## Task to complete:
Write out all of the entries exactly, please.

Records from a dataset:
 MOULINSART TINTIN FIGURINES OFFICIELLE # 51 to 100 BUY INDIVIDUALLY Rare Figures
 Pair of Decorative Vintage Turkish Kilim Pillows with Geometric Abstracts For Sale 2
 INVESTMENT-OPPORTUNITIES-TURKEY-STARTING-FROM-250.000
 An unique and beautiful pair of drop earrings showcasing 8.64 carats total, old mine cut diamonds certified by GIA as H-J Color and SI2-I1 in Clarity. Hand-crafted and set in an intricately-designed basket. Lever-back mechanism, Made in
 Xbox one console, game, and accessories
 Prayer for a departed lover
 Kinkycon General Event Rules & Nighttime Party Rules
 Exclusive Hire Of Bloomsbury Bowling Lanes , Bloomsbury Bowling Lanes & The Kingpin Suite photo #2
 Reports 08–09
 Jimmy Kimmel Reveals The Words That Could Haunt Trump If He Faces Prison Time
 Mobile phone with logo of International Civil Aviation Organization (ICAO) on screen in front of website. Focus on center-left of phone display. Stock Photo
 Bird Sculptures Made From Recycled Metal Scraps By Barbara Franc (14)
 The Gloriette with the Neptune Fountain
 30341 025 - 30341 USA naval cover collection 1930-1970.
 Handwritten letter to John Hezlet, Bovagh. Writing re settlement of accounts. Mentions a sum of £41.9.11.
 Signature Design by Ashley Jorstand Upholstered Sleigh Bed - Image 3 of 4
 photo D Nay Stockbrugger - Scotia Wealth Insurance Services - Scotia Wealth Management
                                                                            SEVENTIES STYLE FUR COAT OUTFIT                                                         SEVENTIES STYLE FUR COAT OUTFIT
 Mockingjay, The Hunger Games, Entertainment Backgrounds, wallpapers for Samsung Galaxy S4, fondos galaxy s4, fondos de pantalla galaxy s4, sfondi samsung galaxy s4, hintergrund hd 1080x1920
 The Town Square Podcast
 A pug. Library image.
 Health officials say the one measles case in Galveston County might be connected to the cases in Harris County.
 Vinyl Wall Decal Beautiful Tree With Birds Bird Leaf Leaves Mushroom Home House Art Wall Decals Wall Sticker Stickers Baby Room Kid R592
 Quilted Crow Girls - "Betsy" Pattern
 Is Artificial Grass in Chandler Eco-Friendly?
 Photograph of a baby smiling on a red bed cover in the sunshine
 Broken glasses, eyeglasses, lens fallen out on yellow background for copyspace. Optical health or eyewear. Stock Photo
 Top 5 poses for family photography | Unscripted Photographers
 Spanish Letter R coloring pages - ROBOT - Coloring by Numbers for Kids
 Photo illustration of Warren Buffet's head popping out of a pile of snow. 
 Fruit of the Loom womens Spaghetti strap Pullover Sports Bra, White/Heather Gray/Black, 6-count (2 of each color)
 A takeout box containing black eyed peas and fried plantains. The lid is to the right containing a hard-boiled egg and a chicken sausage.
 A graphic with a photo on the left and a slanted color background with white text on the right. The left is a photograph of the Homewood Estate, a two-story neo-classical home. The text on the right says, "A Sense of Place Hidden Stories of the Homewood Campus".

## Solved problem:
 MOULINSART TINTIN FIGURINES OFFICIELLE # 51 to 100 BUY INDIVIDUALLY Rare Figures
 Pair of Decorative Vintage Turkish Kilim Pillows with Geometric Abstracts For Sale 2
 INVESTMENT-OPPORTUNITIES-TURKEY-STARTING-FROM-250.000
 An unique and beautiful pair of drop earrings showcasing 8.64 carats total, old mine cut diamonds certified by GIA as H-J Color and SI2-I1 in Clarity. Hand-crafted and set in an intricately-designed basket. Lever-back mechanism, Made in
 Xbox one console, game, and accessories
 Prayer for a departed lover
 Kinkycon General Event Rules & Nighttime Party Rules
 Exclusive Hire Of Bloomsbury Bowling Lanes , Bloomsbury Bowling Lanes & The Kingpin Suite photo #2
 Reports 08–09
 Jimmy Kimmel Reveals The Words That Could Haunt Trump If He Faces Prison Time
 Mobile phone with logo of International Civil Aviation Organization (ICAO) on screen in front of website. Focus on center-left of phone display. Stock Photo
 Bird Sculptures Made From Recycled Metal Scraps By Barbara Franc (14)
 The Gloriette with the Neptune Fountain
 30341 025 - 30341 USA naval cover collection 1930-1970.
 Handwritten letter to John Hezlet, Bovagh. Writing re settlement of accounts. Mentions a sum of £41.9.11.
 Signature Design by Ashley Jorstand Upholstered Sleigh Bed - Image 3 of 4
 photo D Nay Stockbrugger - Scotia Wealth Insurance Services - Scotia Wealth Management
                                                                            SEVENTIES STYLE FUR COAT OUTFIT                                                         SEVENTIES STYLE FUR COAT OUTFIT
 Mockingjay, The Hunger Games, Entertainment Backgrounds, wallpapers for Samsung Galaxy S4, fondos galaxy s4, fondos de pantalla galaxy s4, sfondi samsung galaxy s4, hintergrund hd 1080x1920
 The Town Square Podcast
 A pug. Library image.
 Health officials say the one measles case in Galveston County might be connected to the cases in Harris County.
 Vinyl Wall Decal Beautiful Tree With Birds Bird Leaf Leaves Mushroom Home House Art Wall Decals Wall Sticker Stickers Baby Room Kid R592
 Quilted Crow Girls - "Betsy" Pattern
 Is Artificial Grass in Chandler Eco-Friendly?
 Photograph of a baby smiling on a red bed cover in the sunshine
 Broken glasses, eyeglasses, lens fallen out on yellow background for copyspace. Optical health or eyewear. Stock Photo
 Top 5 poses for family photography | Unscripted Photographers
 Spanish Letter R coloring pages - ROBOT - Coloring by Numbers for Kids
 Photo illustration of Warren Buffet's head popping out of a pile of snow. 
 Fruit of the Loom womens Spaghetti strap Pullover Sports Bra, White/Heather Gray/Black, 6-count (2 of each color)
 A takeout box containing black eyed peas and fried plantains. The lid is to the right containing a hard-boiled egg and a chicken sausage.
 A graphic with a photo on the left and a slanted color background with white text on the right. The left is a photograph of the Homewood Estate, a two-story neo-classical home. The text on the right says, "A Sense of Place Hidden Stories of the Homewood Campus".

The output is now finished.